Arrêt du 6 février 2008
Ire Cour de droit civil

MM. et Mme les juges Corboz, président, Rottenberg Liatowitsch et Kolly.
Greffier: M. Thélin.

X. ________ GmbH,
défenderesse et recourante, représentée par Me Beat Mumenthaler,

contre

Y.________ SA,
demanderesse et intimée, représentée par Me Olivier Carrard.

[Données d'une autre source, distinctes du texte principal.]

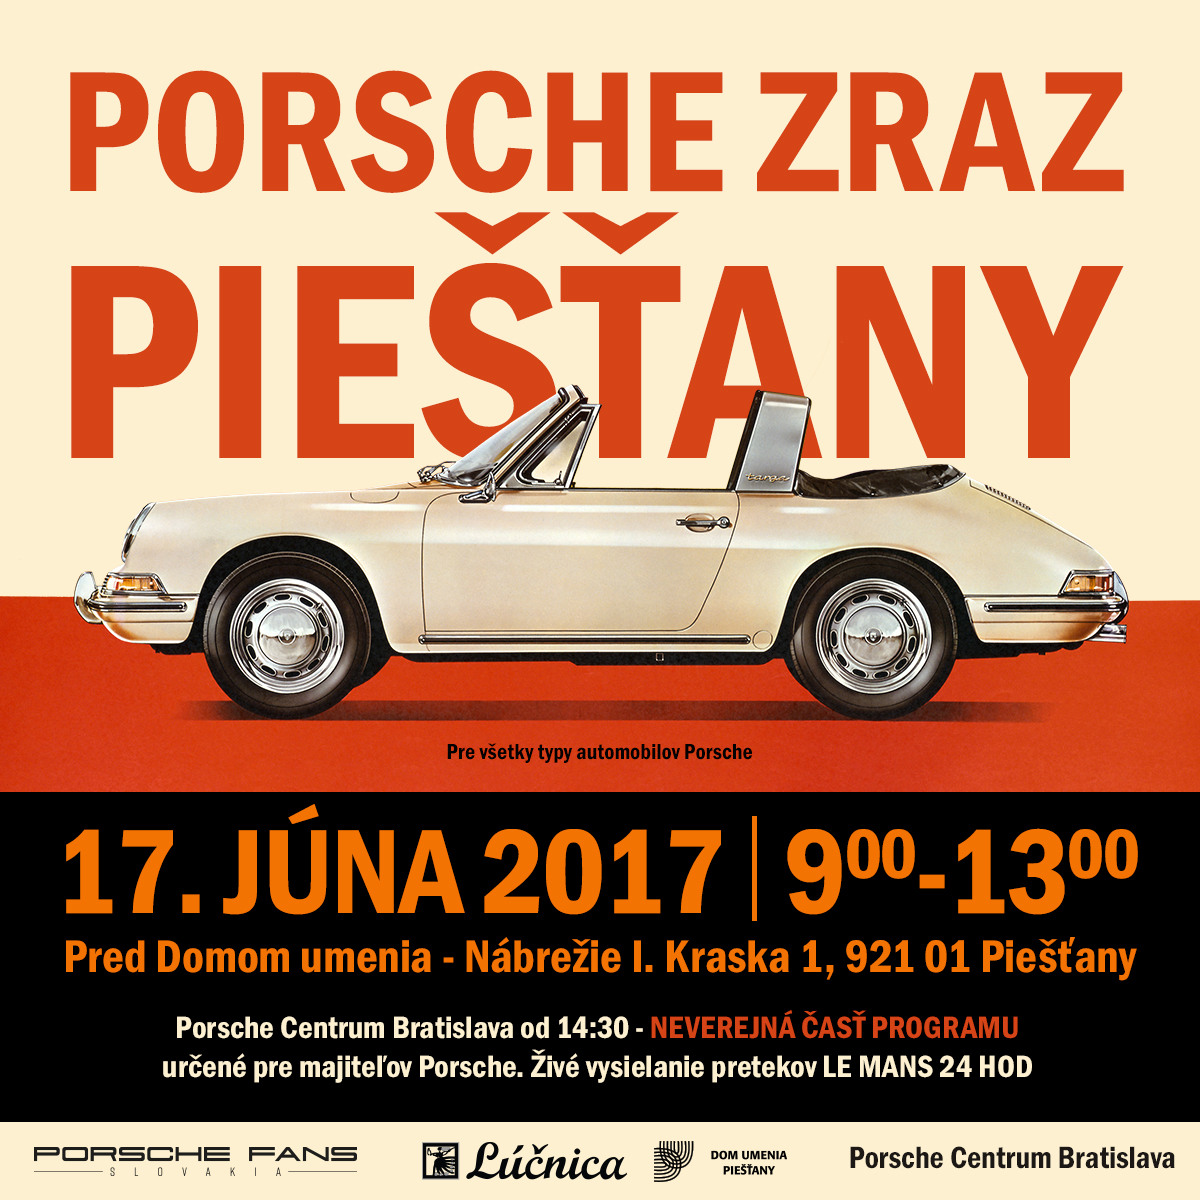 Porsche Zraz Piešťany

procédure civile; compétence à raison de la matière

recours contre l'arrêt rendu le 5 novembre 2007 par la Chambre d'appel en
matière de baux et loyers du canton de Genève.

Faits:

A.
Jusqu'à sa faillite survenue le 13 septembre 2005, A.________ SA a exploité
l'hôtel ... qui se trouve dans le centre commercial de la Praille à proximité
de Genève. L'exploitante usait des locaux et de leurs dépendances en qualité
de locataire, au bénéfice d'un bail à loyer conclu le 11 décembre 2001 entre
elle et la société Y.________ SA. Ce contrat et ses avenants prévoyaient un
loyer à calculer sur la base du chiffre d'affaires de la locataire; ce loyer
s'élèverait toutefois, au minimum et charges en sus, à 1'879'400 fr. par
année.

En faveur de la bailleresse, parmi d'autres sûretés, le contrat prévoyait la
remise d'une lettre de patronage à émettre par X.________ GmbH, société qui
se trouve à la tête du groupe auquel la locataire appartenait; la société
mère devrait garantir l'ensemble des obligations à assumer par sa filiale.
Datée du 23 mars 2002, la lettre de patronage fut effectivement transmise à
la bailleresse; selon son libellé, cette déclaration est soumise au droit
suisse et le Tribunal des baux et loyers du canton de Genève est
« compétent ».

Y. ________ SA a produit deux créances dans la faillite de A.________ SA,
admises à hauteur de 2'457'262 fr.37 et 36'666 fr.40.

B.
Le 17 juin 2005, Y.________ SA a saisi la commission de conciliation
compétente d'une requête dirigée contre X.________ GmbH et tendant au
paiement de diverses sommes; la conciliation n'ayant pas abouti, elle a élevé
ses prétentions devant le Tribunal des baux et loyers. Après amplification de
la demande, l'action tendait au paiement de 2'563'647 fr. à titre d'arriérés
de loyer, charges et frais.

D'entrée de cause, la défenderesse a soulevé diverses exceptions de
procédure; elle arguait notamment de l'incompétence du tribunal saisi. Sur le
fond, elle concluait au rejet de l'action.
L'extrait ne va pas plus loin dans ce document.